Теперь не говорят «радиоприемник», говорят «транзистор». Я бешусь, когда слышу. Бешусь и готов объяснять каждому, любому из этой толпы обывателей, будь он хоть доктор философии, академик истории, все равно для нас, радистов, он обыватель, — что транзистор — это всего лишь элемент устройства, активный элемент схемы, не более, что транзисторов в этой коробочке много — восемь, двенадцать, а то и двадцать, и называть сегодняшний приемник «транзистором» все равно что вчерашний называть «лампой»… Но каждому не будешь объяснять, да и глупо, да в конце-то концов и какая разница, и черт с ними, если уж так привыкли, пусть говорят, дураки беспросветные…
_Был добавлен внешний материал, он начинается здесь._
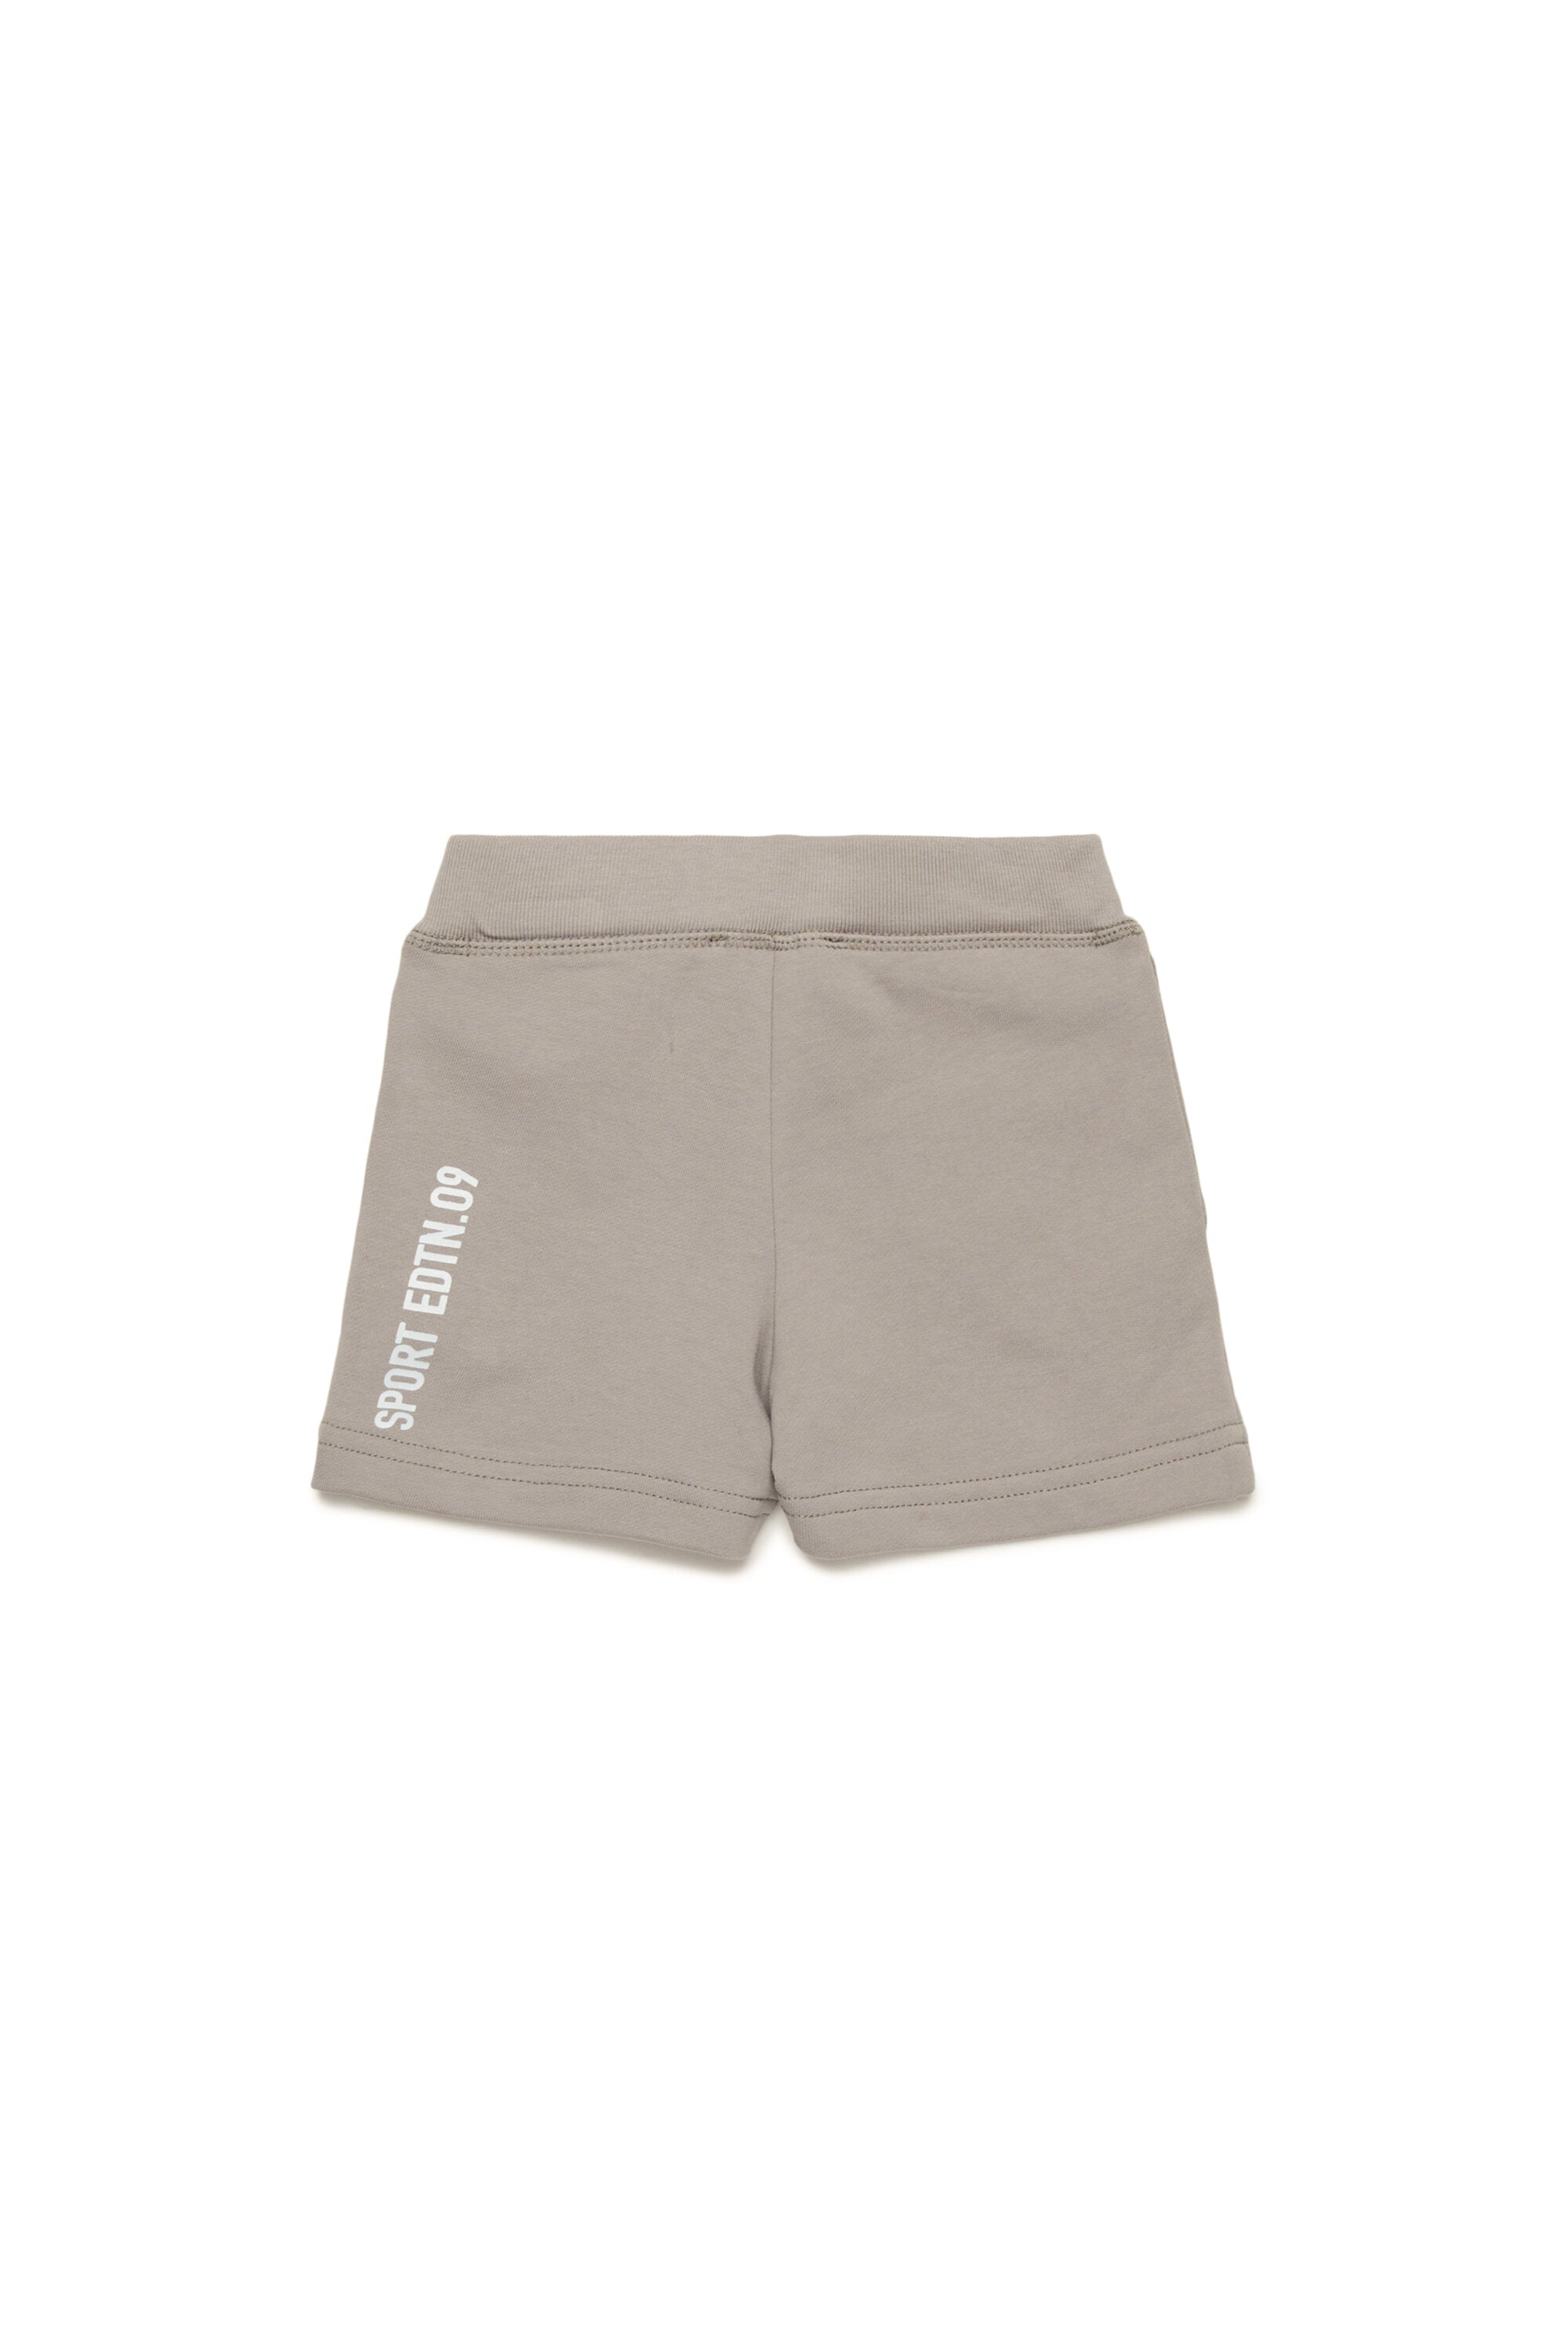 Pantalones cortos en chándal con gráficos Leaf en dos tonos

Замечательный был приемник, теперь таких не бывает. Специальные инженеры-акустики рассчитывали конструкцию деревянного ящика — вот для тех бархатных голосов. Для своих, конечно, не для наших. Однако совпало…
Мы любили трансляции эстрадных концертов со смешным конферансом. Михаил Гаркави, Афанасий Белов, Петр Лукич Муравский. «Не уходи, ты нас развлек немного, пропой еще романс, вер-нись!»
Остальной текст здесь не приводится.